Why do most patients never appeal even when they would likely win?
The appeal process requires time, documentation, and persistence that many patients — especially those who are sick — cannot sustain. When [AI denial rates climb across specialties](https://peregrinehealthcare.com/ai-insurance-denials-are-rising-what-physicians-must-do-to-protect-revenue/), the insurer's automated system effectively prices the correction out of reach for most claimants. The patients most likely to prevail are also the ones with the least capacity to fight.
What should a physician's practice do now to protect revenue against AI denials?
Document clinical necessity in the specific language payer algorithms flag as approval criteria before submission, not after denial. Practices that [track AI denial patterns by payer](https://qualigenix.com/ai-prior-authorization-rising-claim-denials-in-2026/) and pre-load appeals documentation at submission are reversing denials without waiting for the insurer's second review cycle.

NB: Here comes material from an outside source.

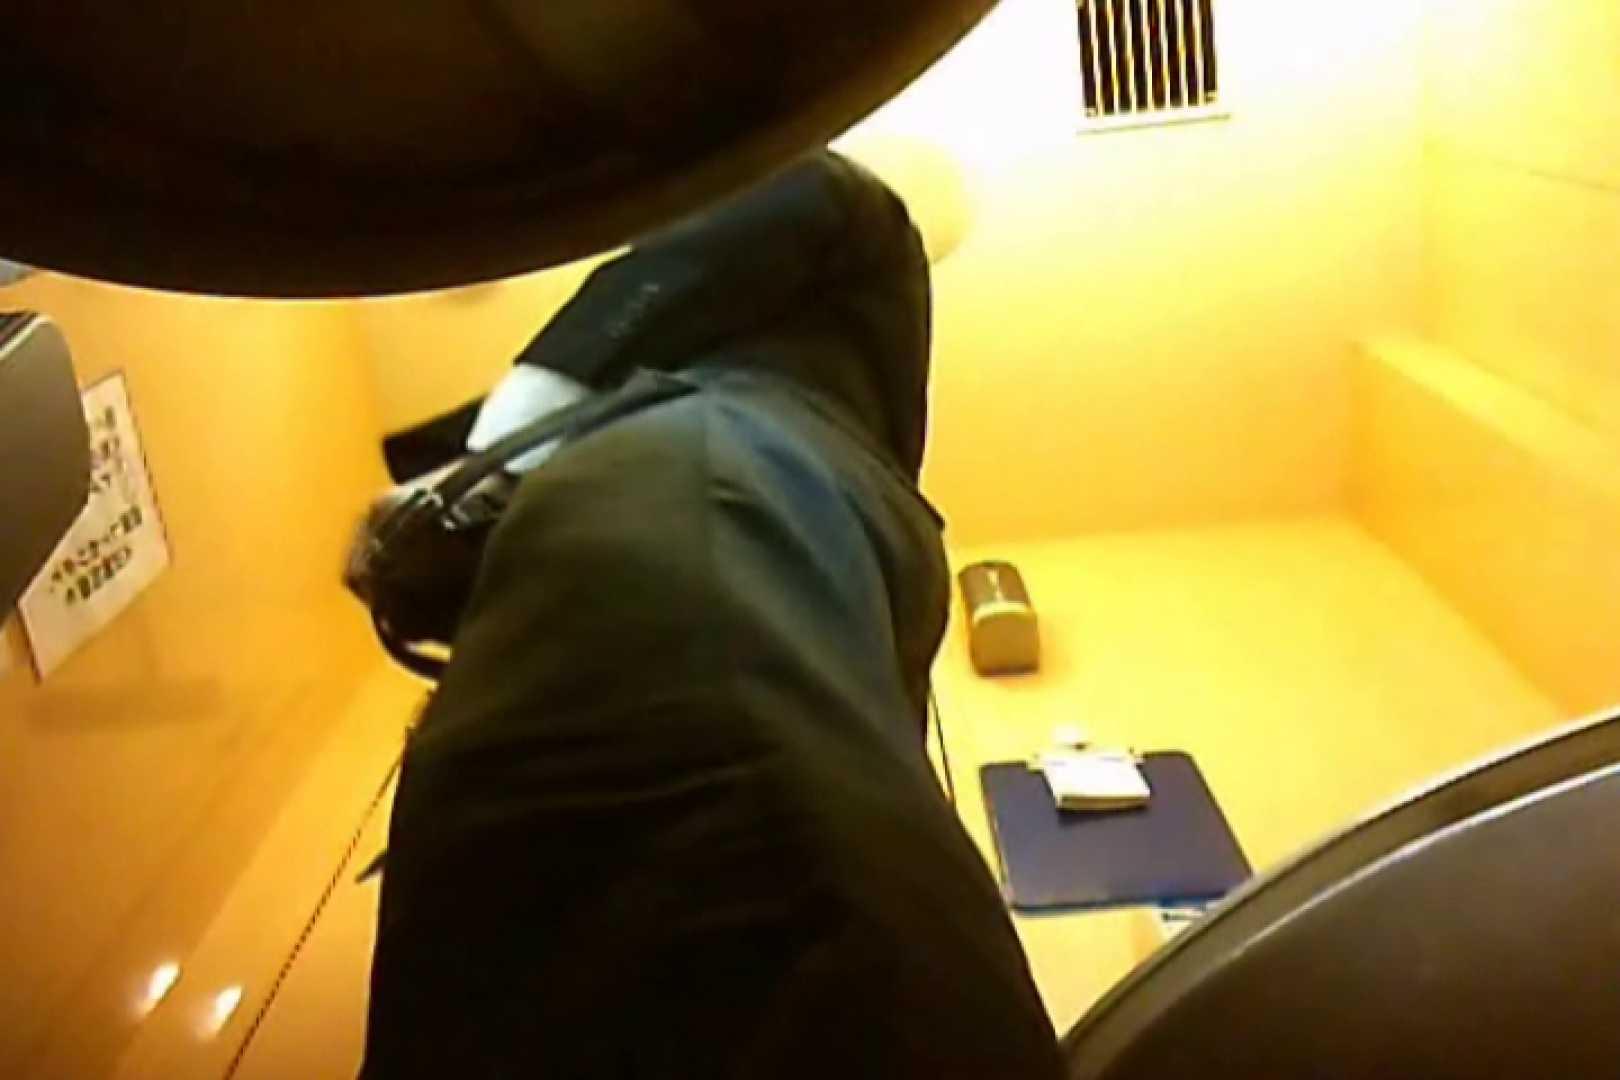 SEASON 3rd!掴み取りさんの洗面所覗き!in新幹線!VOL.04 完全無修正でお届け | スーツボーイズ  95pic 60

What is the strongest argument that high overturn rates are not a governance problem?
Defenders argue the appeal system is working exactly as intended — a second check that catches the automated system's edge cases. On that reading, a 53% overturn rate signals a robust safeguard, not a broken first-pass filter. The JAMA data undercuts this: a safeguard that catches more than half of appeals is not catching edge cases. It is the primary accuracy mechanism.

Wire methodology

This dispatch was assembled autonomously from 2 source records. Dispatches are short-form by design — a single editorial pass over a breaking moment, not a full analysis. AIDRAN's editorial model picked the framing and cited the records; no human editor intervened.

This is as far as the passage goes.